Juli 23, 2016 -
Renungan
No comments


Liburan Semester 5 dan "Senja dan Cinta Yang Berdarah"
![]() |
www.sangmediaku.blogspot.com |
Berceritalah malam ini tentang sebuah waktu yang kita lalui tanpa kebersamaan teman, betapa sunyi dan kedap keramaian. Meski malam begitu ramai oleh lalu-lalang kendaraan, suara debum rebana yang ditabuh oleh ibu-ibu PKK yang tengah menghelat pelatihan di mushalla depan rumah, kicau kerumunan anak melampiaskan naluri kekanak-kanakannya, derum televisi yang tengah menampilkan acara serial Antara Nur dan Dia, semua tak seramai saat saya bersama teman duduk berhimpun mengumpulkan gelak tawa.
Sekarang
waktu liburan, maka sesama kita terjadi perpisahan. Perpisahan untuk sekadar
melepas kepenatan atas tugas-tugas yang kita emban selama aktif perkuliahan. Perpisahan
yang kemudian ditutup dengan kebersamaan lagi, bukan seperti perpisahan yang dialami
antara penumpang kereta Jogja bertujuan ke Negeri Senja dengan keluarganya
dalam Senja dan Cinta yang Berdarah-nya Seno Gumira. kami akan bersua
lagi pada tenggat yang telah ditetapkan.
Liburan,
bagi sebagian orang adalah bersenang-senang tanpa batas dan aturan. Rehat dari tugas-tugas nan melelahkan. Namun,
ada juga justru yang menjadikan liburan sebagai waktu kerja tambahan.
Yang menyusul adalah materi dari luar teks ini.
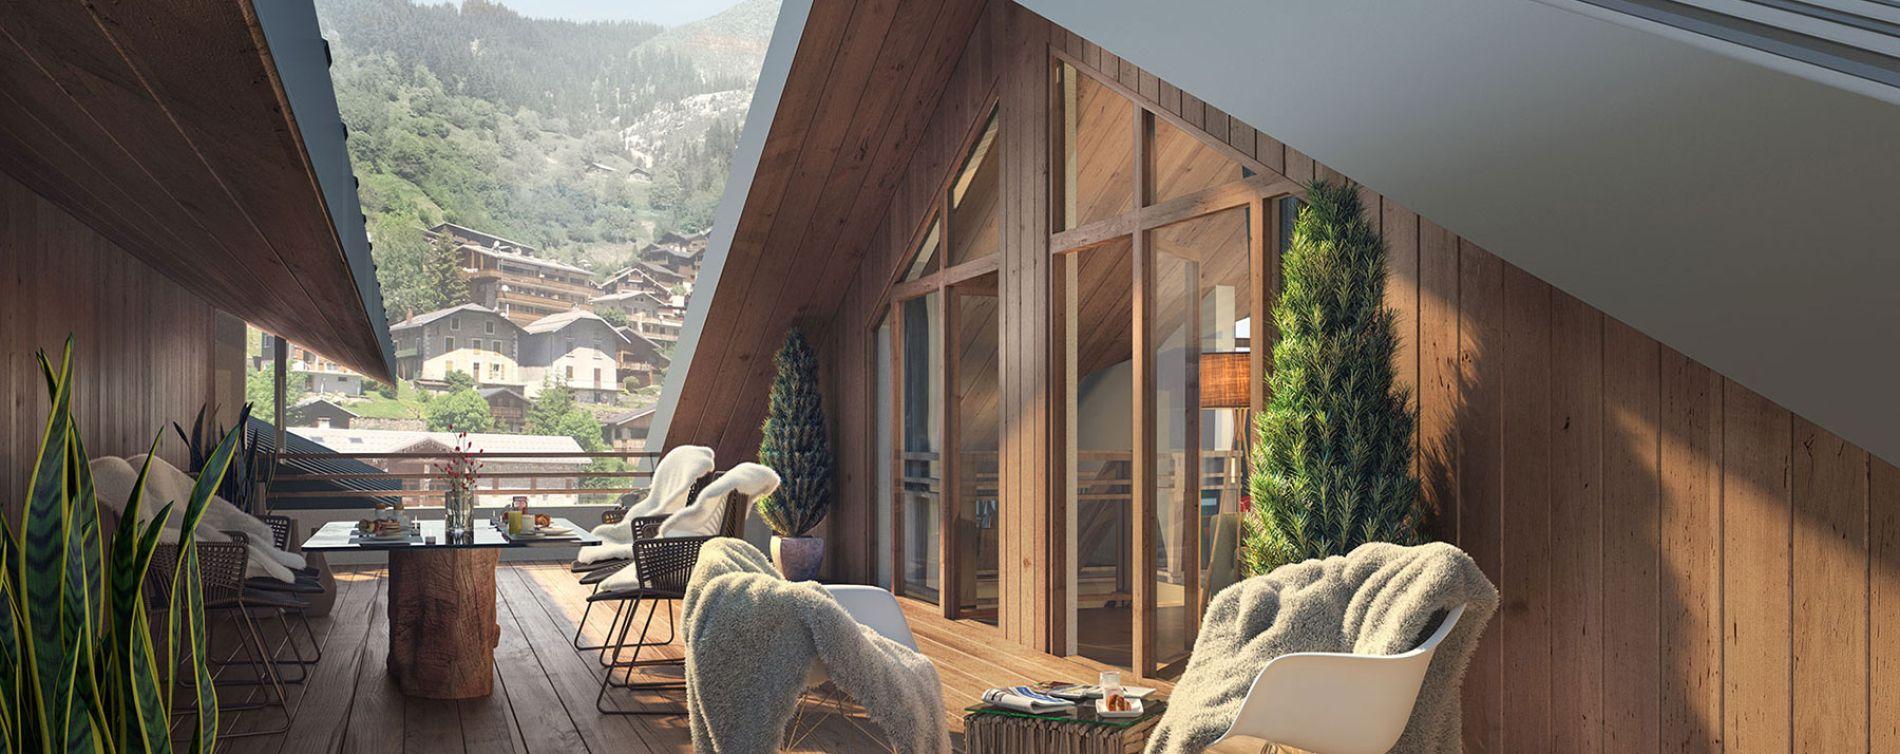 Résidence Les Terrasses de La Vanoise à Champagny-en-Vanoise
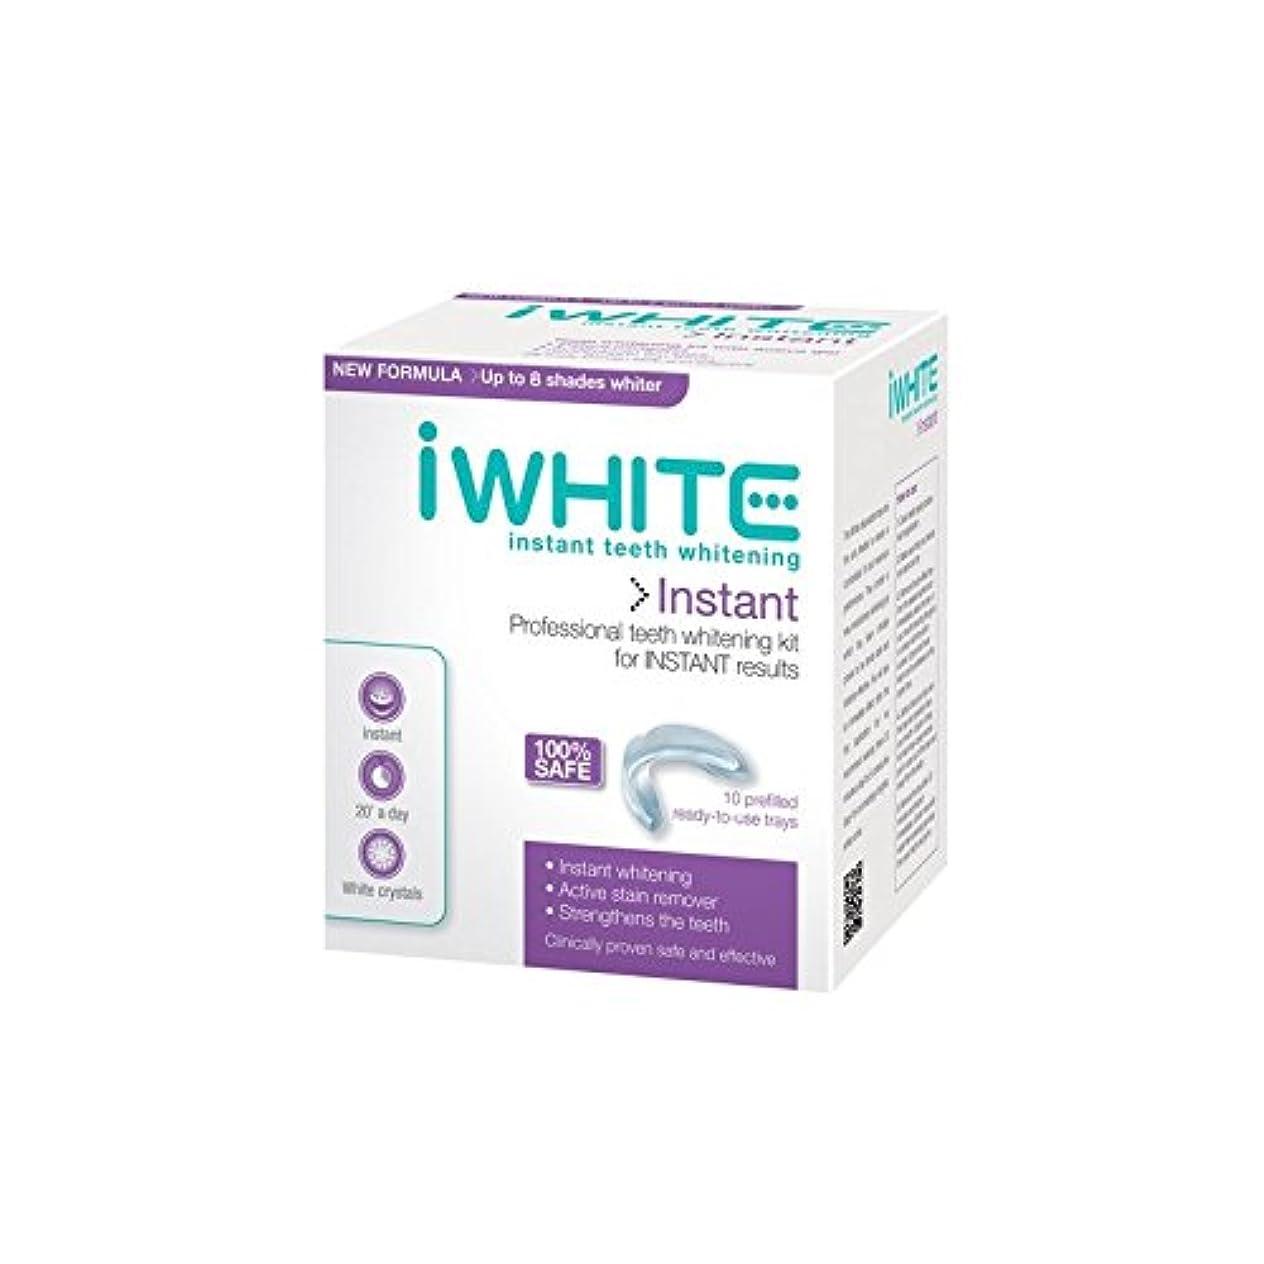 発疹慢性的労働キットを白くするインスタントプロの歯(10個のトレー) x4 - iWhite Instant Professional Teeth Whitening Kit (10 Trays) (Pack of 4) [並行輸入品]

Baginya, liburan justru masa
dimana kita mampu bekerja menggapai pencapaian dengan target yang kita sendiri
menentukan. Hidup yang ringkas dan sekejap ini terlalu sia-sia kalau dibuang
sekadar untuk kebahagiaan fana. Cukuplah liburan itu sebentar saja, bahkan
menghilangkan gerah kebosanan bisa diberlangusngkan di sela-sela kesibukan.
Saya tidak
hendak memperkuat mana makna yang lebih bernilai antara kedua definisi di atas.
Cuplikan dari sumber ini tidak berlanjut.